Your task: Omit the pictures, then reproduce every remaining record exactly.

Records from a collection:

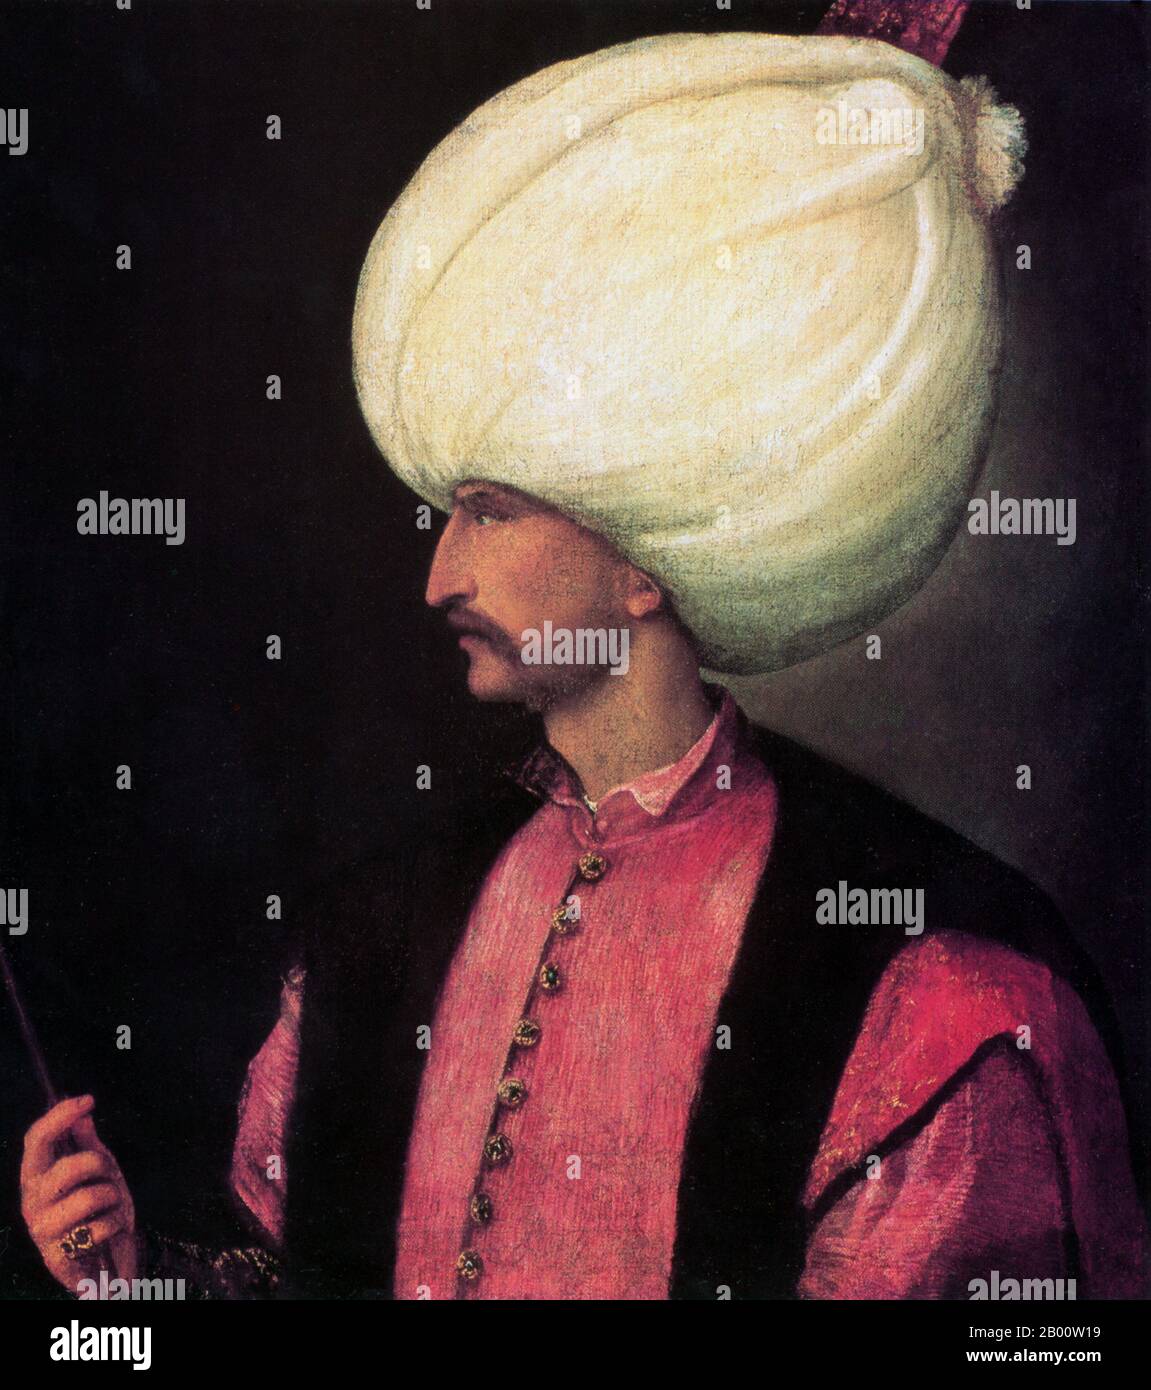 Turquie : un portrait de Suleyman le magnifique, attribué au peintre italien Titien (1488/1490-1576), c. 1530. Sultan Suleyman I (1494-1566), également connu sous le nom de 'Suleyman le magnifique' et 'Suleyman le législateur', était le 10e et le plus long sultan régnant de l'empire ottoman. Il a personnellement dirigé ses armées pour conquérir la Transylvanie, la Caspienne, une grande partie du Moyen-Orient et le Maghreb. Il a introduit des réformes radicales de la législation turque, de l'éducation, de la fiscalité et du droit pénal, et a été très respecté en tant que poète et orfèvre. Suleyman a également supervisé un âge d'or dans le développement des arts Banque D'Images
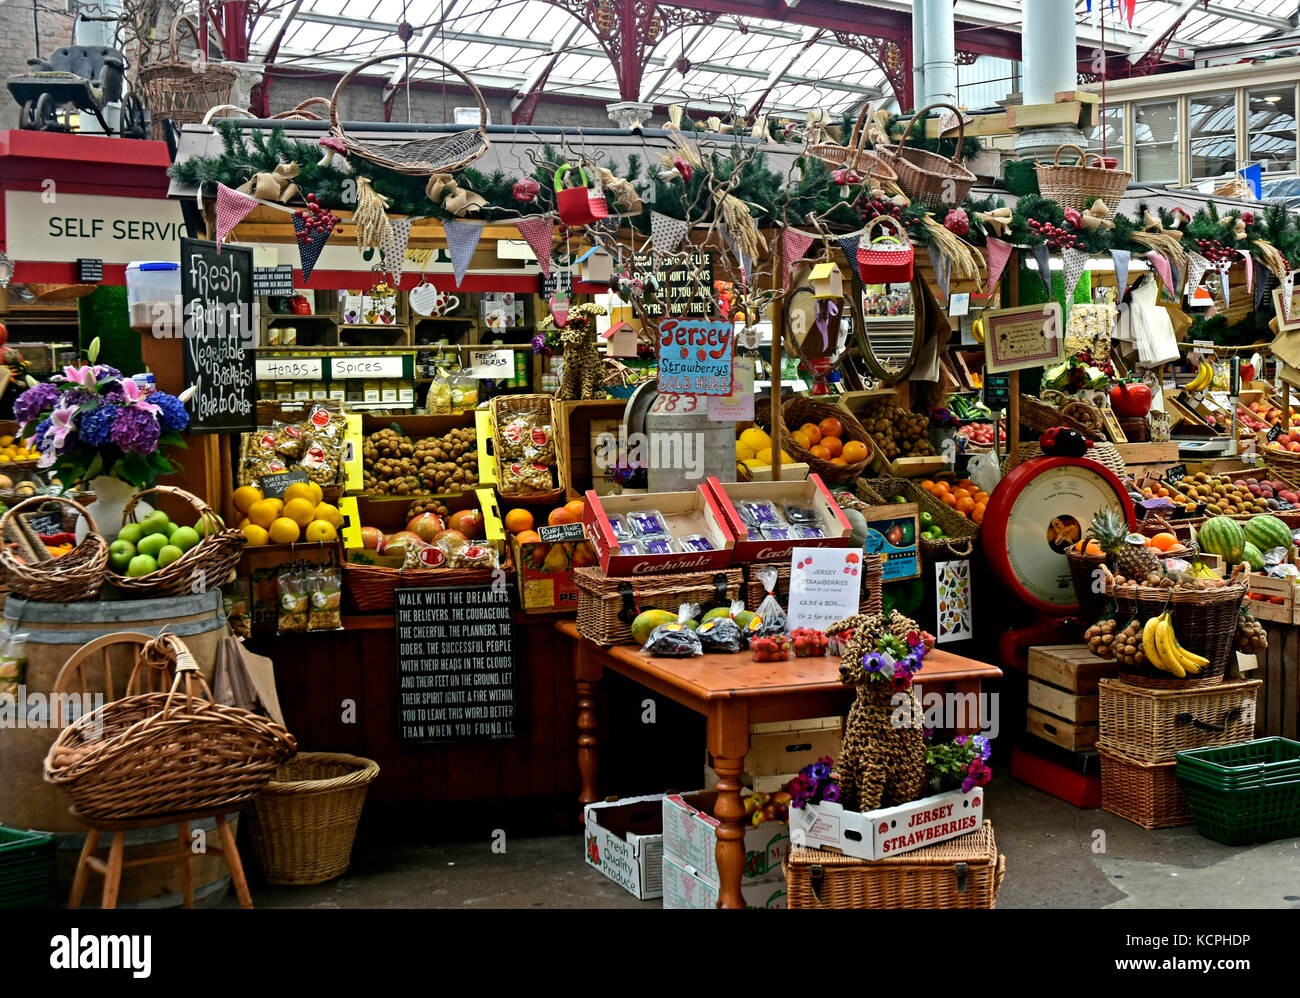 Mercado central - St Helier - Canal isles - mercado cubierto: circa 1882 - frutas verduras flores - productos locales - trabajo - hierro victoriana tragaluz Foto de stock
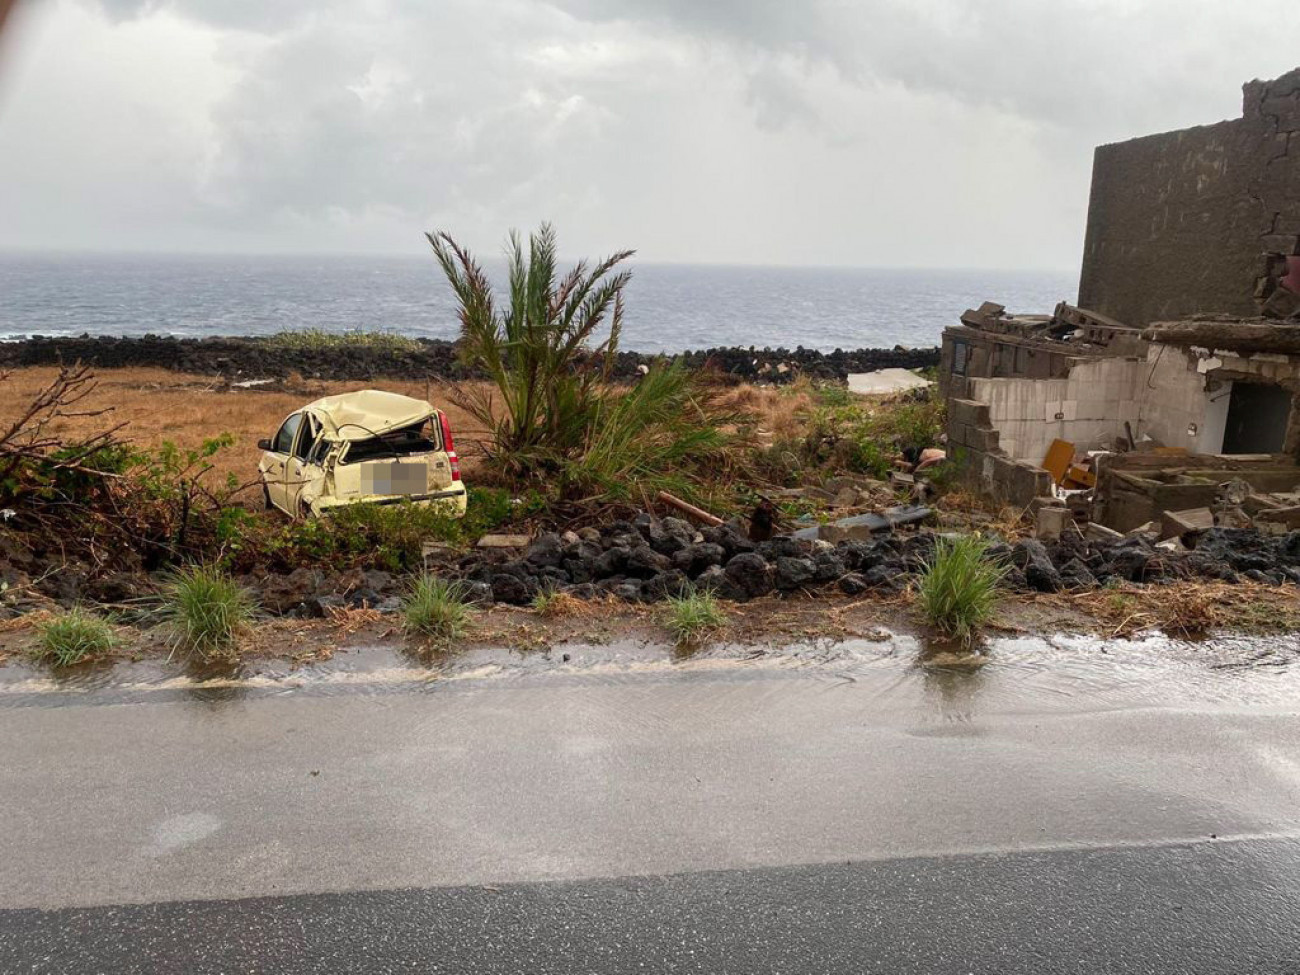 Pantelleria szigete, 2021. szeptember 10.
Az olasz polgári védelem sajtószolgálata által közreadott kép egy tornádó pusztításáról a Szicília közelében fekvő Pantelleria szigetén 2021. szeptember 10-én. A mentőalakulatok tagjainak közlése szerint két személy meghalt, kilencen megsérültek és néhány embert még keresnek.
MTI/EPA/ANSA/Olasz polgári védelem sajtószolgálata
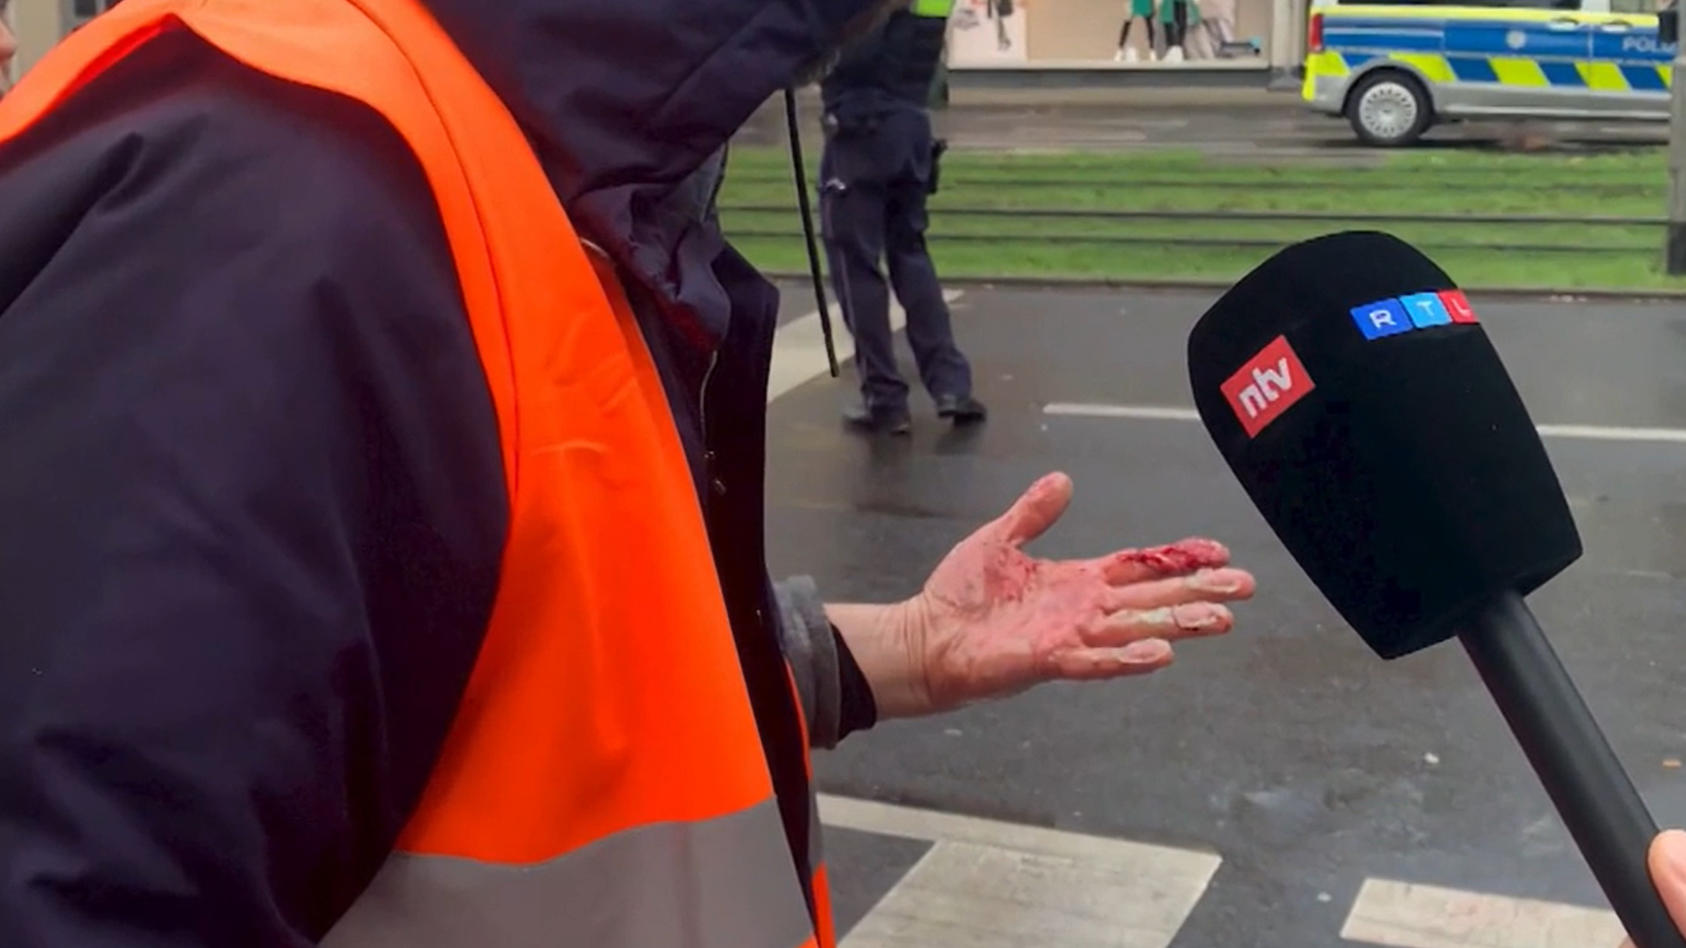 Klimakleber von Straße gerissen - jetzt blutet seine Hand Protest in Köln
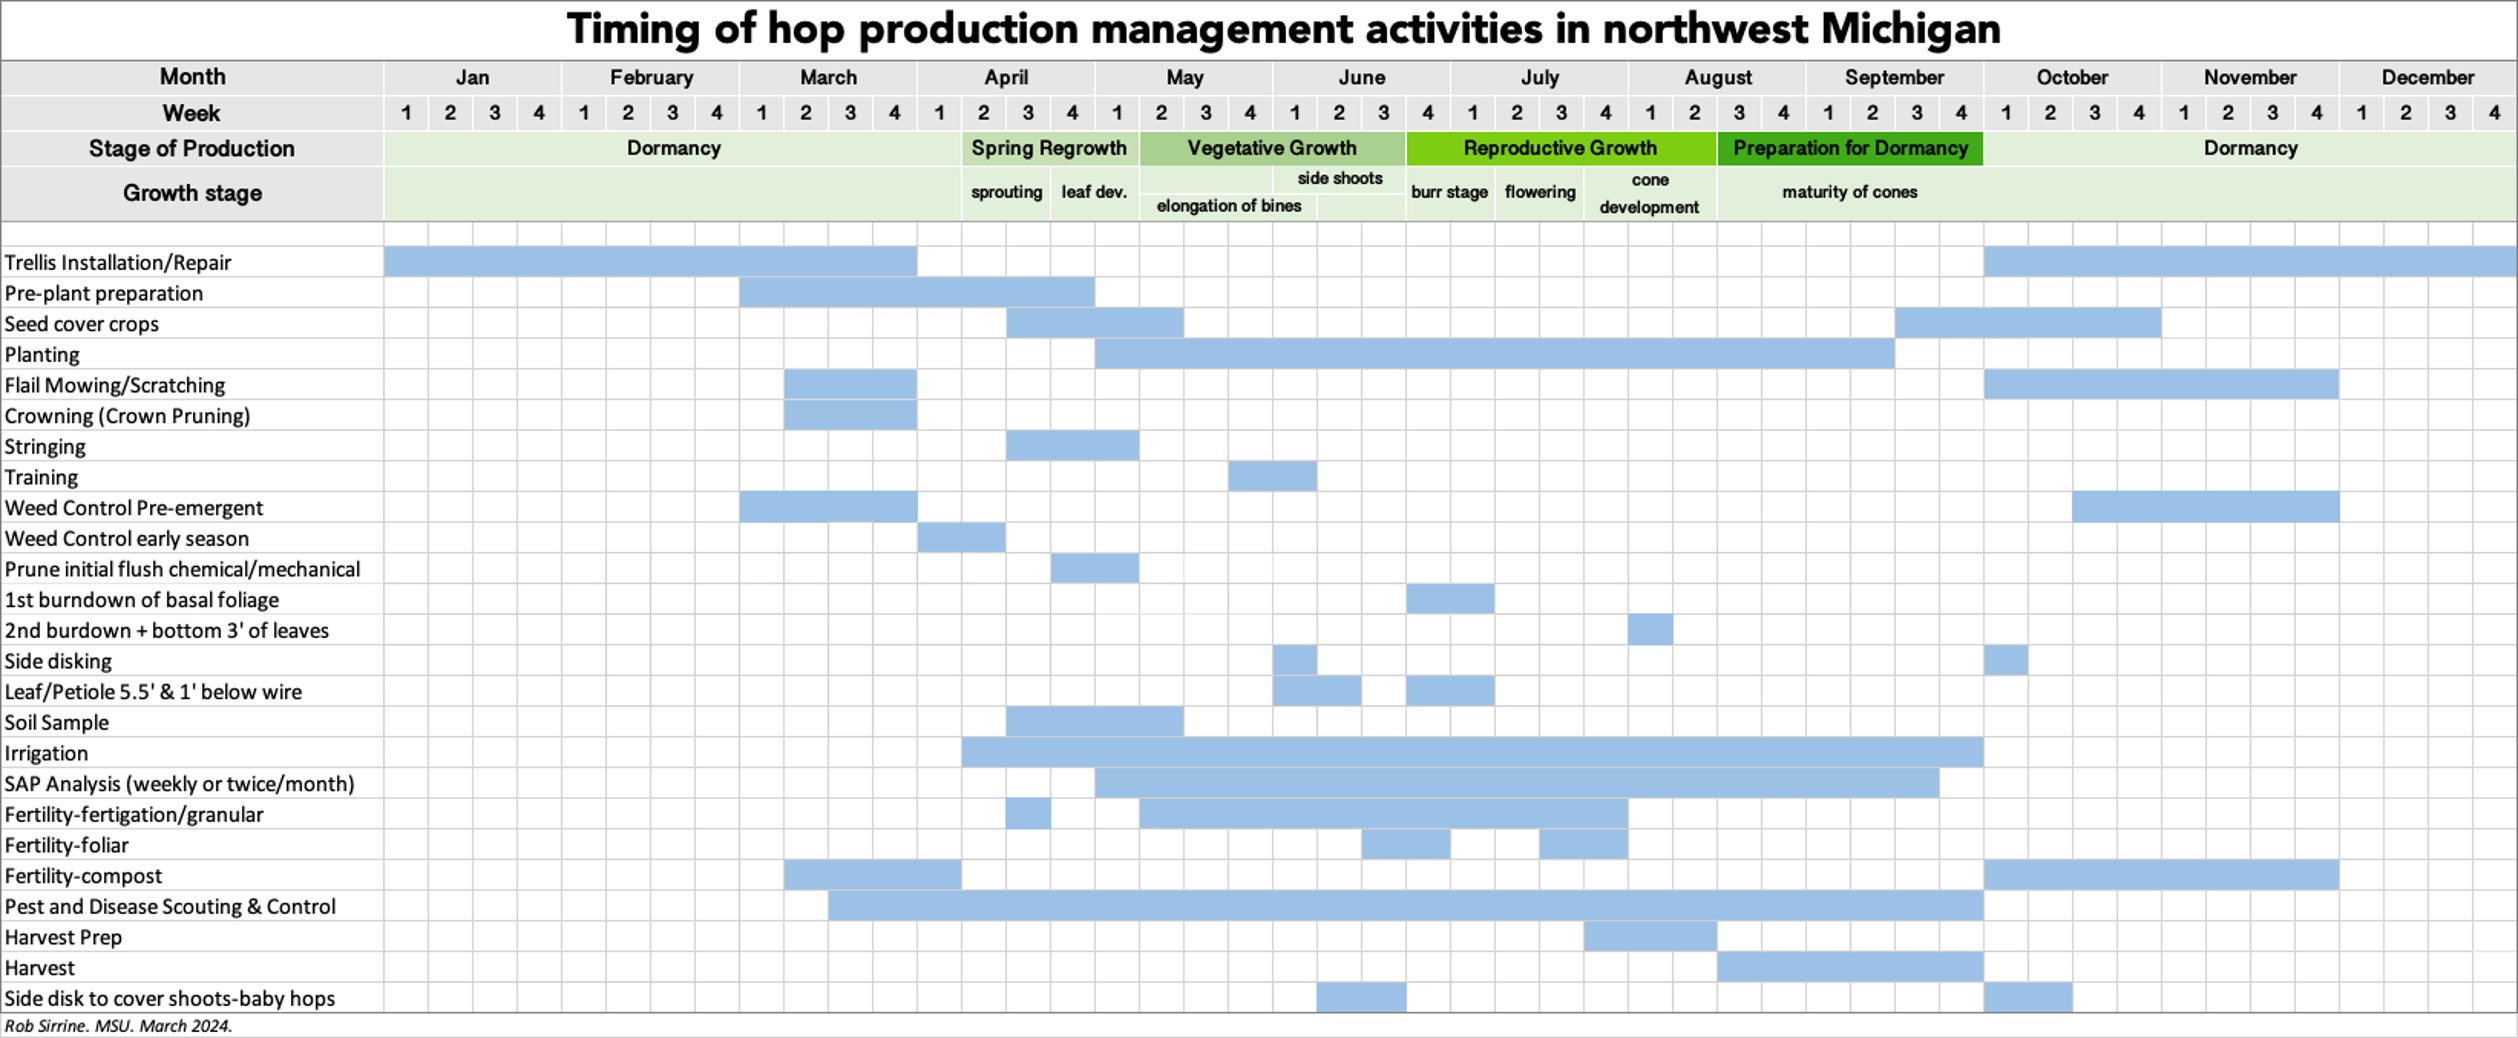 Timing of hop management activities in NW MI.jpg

Solved exercise:
 Turquie : un portrait de Suleyman le magnifique, attribué au peintre italien Titien (1488/1490-1576), c. 1530. Sultan Suleyman I (1494-1566), également connu sous le nom de 'Suleyman le magnifique' et 'Suleyman le législateur', était le 10e et le plus long sultan régnant de l'empire ottoman. Il a personnellement dirigé ses armées pour conquérir la Transylvanie, la Caspienne, une grande partie du Moyen-Orient et le Maghreb. Il a introduit des réformes radicales de la législation turque, de l'éducation, de la fiscalité et du droit pénal, et a été très respecté en tant que poète et orfèvre. Suleyman a également supervisé un âge d'or dans le développement des arts Banque D'Images
 Mercado central - St Helier - Canal isles - mercado cubierto: circa 1882 - frutas verduras flores - productos locales - trabajo - hierro victoriana tragaluz Foto de stock
 Pantelleria szigete, 2021. szeptember 10.
Az olasz polgári védelem sajtószolgálata által közreadott kép egy tornádó pusztításáról a Szicília közelében fekvő Pantelleria szigetén 2021. szeptember 10-én. A mentőalakulatok tagjainak közlése szerint két személy meghalt, kilencen megsérültek és néhány embert még keresnek.
MTI/EPA/ANSA/Olasz polgári védelem sajtószolgálata
 Klimakleber von Straße gerissen - jetzt blutet seine Hand Protest in Köln
 Timing of hop management activities in NW MI.jpg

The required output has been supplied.